The above painting is by famed stop-motion animator Willis O'Brian for the 60s remake of Conan Doyle's The Lost World. As shown, it would have been a far different movie than the rather infamous version that got made. There is a pair of Triceratops, some Brontosauruses, one attacked by an Allosaurus, a Protoceratops, a Stegosaurus, even a Dimetrodon! All would have been stop-motion, no giant lizards. Below that, O'Brian and Irwin look over some designs for a stop-motion dinosaur movie that did get made, The Animal World.
Willis O'Brian, the famous stop-motion animator behind King Kong, the aborted Creation, Mighty Joe Young, and many others, very nearly made Irwin Allen's 1960s remake of Conan Doyle's The Lost World, one of the greatest dino-mation films of all time. The above production painting gives a hint to want it might have like.
Unfortunately, it was, of course, scrapped in favor of lizards and gators with fins and plates stuck on their backs. And worse even than that, one of the beasts, outfitted with plates and ceratopsian-like frill, was referred to as a "brontosaurus", and the fin-backed horned fire-lizard a tyrannosaurus (when Professor Challenger refers to a hatchling version, played by a gecko). Some of the footage of these beasts was replayed on some old Lost In Space episodes, mainly "The Keeper", which were more convincing on that already cheesy show, for virtue of the fact they were supposed to be alien monsters, not creatures from earth's past.

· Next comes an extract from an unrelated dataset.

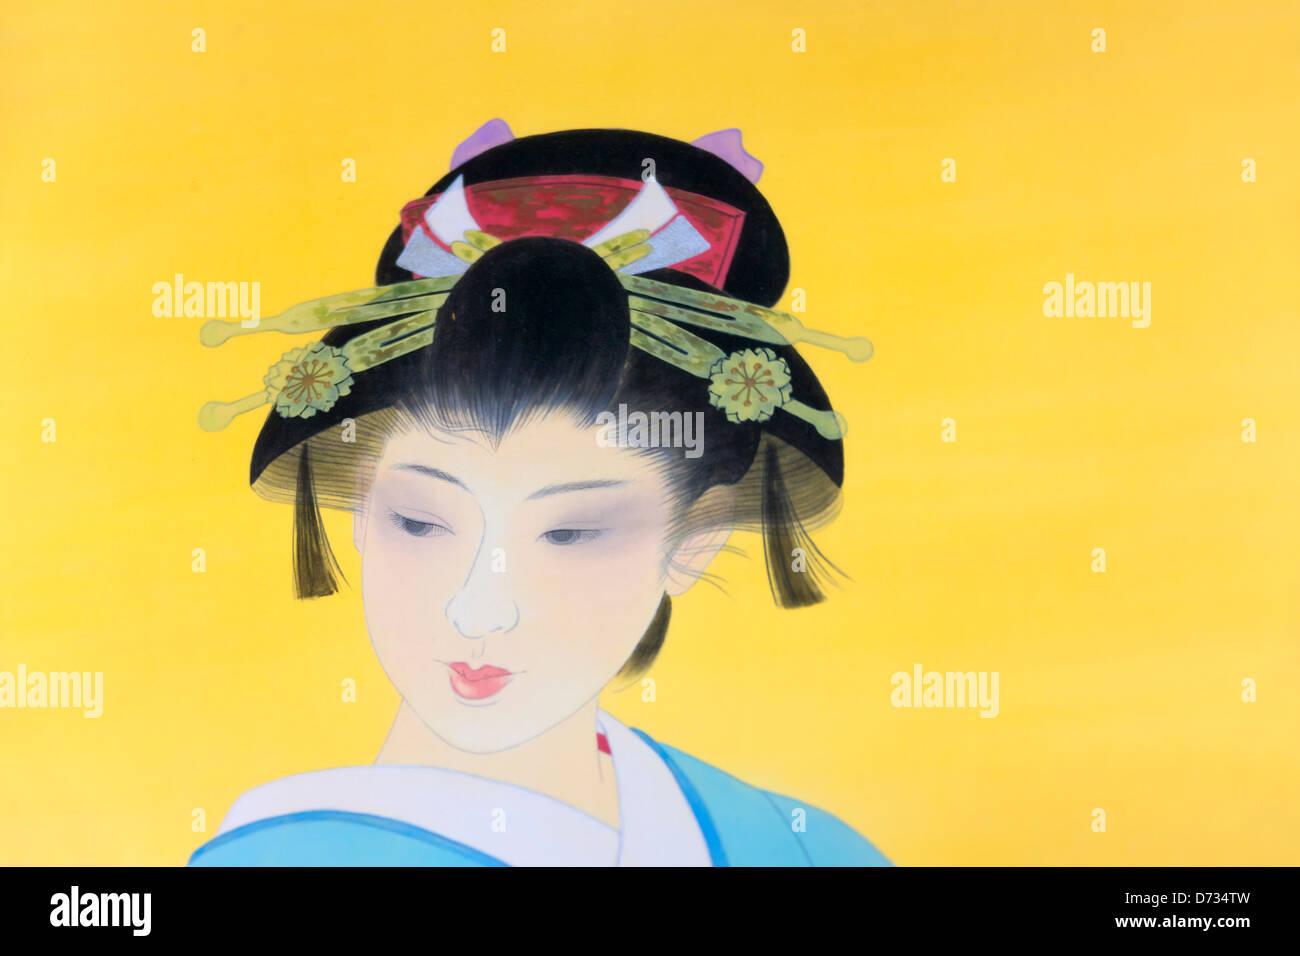 Ukiyo-e wood block prints of traditional Japanese ladies, Japan - Stock Image

One of the reasons this was done (aside from budget constraints) was because there was a recent fairly realistic use of live lizards playing prehistoric beasts, in the sixties version of Jules Verne's Journey to the Center of the Earth, featuring rhinoceras iguanas as Dimetrodons, fitted with rubbery fins on their backs and a few small spikes along their flanks. The only trouble is, Dimetrodons had a sprawling lizard-like gait, very unlike actual dinosaurs!
Artist William Stout, however, published two books of convention pen and inks, celebrating the films of O'Brian, and he included three of the proposed scenes from the proposed stop-motion version, that never made to screen:
Left: a battle between two t-rexes, and a Pteranodon. That's obviously Challenger himself against the rock in the foreground. Right: Another scene involving a dino circus ac, with a trained Apatosaur and young Triceratops. : It's not known whether this was to take place in Maple White Land, or back in London, with the caveman played by an actor.
This would certainly have been cool: a tug-of war between a Brontosaurus, an Allosaurus and a Titanoboa!